[Exercise instructions] Each line of the records below that contains "Body" needs to be copied.

━━━━━━━━━━━━━━━━━━━━━━━━━━━━━━

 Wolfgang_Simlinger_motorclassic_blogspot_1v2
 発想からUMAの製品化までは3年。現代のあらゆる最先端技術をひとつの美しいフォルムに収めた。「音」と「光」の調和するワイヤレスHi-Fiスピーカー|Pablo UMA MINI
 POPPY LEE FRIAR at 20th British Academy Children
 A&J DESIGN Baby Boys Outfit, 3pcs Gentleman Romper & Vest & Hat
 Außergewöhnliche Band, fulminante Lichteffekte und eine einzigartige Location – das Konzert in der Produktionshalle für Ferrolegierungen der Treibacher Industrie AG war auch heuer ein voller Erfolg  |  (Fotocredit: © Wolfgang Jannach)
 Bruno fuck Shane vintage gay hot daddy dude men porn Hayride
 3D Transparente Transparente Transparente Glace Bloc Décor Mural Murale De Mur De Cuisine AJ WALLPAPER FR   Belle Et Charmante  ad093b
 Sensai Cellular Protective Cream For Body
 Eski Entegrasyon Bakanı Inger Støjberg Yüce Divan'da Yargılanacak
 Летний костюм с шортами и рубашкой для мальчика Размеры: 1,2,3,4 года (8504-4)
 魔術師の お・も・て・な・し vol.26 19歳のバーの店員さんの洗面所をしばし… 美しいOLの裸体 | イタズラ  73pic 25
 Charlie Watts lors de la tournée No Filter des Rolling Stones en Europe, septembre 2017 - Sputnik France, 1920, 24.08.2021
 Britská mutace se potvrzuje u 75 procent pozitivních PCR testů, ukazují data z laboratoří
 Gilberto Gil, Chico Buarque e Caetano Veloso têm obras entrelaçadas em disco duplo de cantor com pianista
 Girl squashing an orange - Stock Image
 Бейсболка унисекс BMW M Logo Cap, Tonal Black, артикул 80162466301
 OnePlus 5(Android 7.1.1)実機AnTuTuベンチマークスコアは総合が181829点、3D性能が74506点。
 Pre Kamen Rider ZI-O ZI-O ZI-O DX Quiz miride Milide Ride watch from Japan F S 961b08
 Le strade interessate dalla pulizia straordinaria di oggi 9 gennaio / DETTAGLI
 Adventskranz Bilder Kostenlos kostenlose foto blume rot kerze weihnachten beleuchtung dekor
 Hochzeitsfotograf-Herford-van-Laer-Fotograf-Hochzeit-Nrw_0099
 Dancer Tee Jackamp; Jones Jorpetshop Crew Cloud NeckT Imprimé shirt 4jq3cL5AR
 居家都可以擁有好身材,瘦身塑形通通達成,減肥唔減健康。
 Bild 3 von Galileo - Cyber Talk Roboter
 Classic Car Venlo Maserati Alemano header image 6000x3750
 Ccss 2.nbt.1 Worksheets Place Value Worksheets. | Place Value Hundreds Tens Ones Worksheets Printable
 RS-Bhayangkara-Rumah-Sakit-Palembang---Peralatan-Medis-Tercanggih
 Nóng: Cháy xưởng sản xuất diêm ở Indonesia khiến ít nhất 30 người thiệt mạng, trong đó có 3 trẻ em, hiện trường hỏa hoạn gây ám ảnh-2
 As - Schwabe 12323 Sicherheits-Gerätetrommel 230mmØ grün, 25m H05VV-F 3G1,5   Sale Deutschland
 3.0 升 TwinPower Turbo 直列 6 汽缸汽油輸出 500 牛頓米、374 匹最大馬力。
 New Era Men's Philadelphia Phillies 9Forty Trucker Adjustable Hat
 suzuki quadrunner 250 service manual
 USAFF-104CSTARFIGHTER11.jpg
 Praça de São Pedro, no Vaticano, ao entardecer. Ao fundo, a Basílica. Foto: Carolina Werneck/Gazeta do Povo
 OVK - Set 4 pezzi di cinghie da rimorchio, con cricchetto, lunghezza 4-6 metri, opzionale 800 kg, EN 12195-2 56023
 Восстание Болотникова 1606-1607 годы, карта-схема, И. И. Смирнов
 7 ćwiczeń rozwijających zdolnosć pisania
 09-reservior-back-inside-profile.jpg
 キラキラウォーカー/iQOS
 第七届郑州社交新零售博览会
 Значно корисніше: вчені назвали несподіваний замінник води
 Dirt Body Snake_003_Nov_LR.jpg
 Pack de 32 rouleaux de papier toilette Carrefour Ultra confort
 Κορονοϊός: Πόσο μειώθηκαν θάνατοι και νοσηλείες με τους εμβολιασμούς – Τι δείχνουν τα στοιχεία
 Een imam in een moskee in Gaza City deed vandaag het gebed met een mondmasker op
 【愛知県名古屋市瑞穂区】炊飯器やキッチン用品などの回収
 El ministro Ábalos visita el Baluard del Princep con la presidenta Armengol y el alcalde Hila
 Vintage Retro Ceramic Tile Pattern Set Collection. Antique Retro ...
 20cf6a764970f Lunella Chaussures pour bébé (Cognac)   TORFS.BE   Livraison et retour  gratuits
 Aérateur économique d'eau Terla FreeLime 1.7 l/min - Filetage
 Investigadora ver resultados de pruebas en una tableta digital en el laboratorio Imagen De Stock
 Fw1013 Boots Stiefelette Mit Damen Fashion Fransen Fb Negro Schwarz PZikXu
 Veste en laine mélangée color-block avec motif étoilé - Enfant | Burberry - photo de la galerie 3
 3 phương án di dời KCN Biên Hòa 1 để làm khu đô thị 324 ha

━━━━━━━━━━━━━━━━━━━━━━━━━━━━━━

[Exercise result]
 Sensai Cellular Protective Cream For Body
 Dirt Body Snake_003_Nov_LR.jpg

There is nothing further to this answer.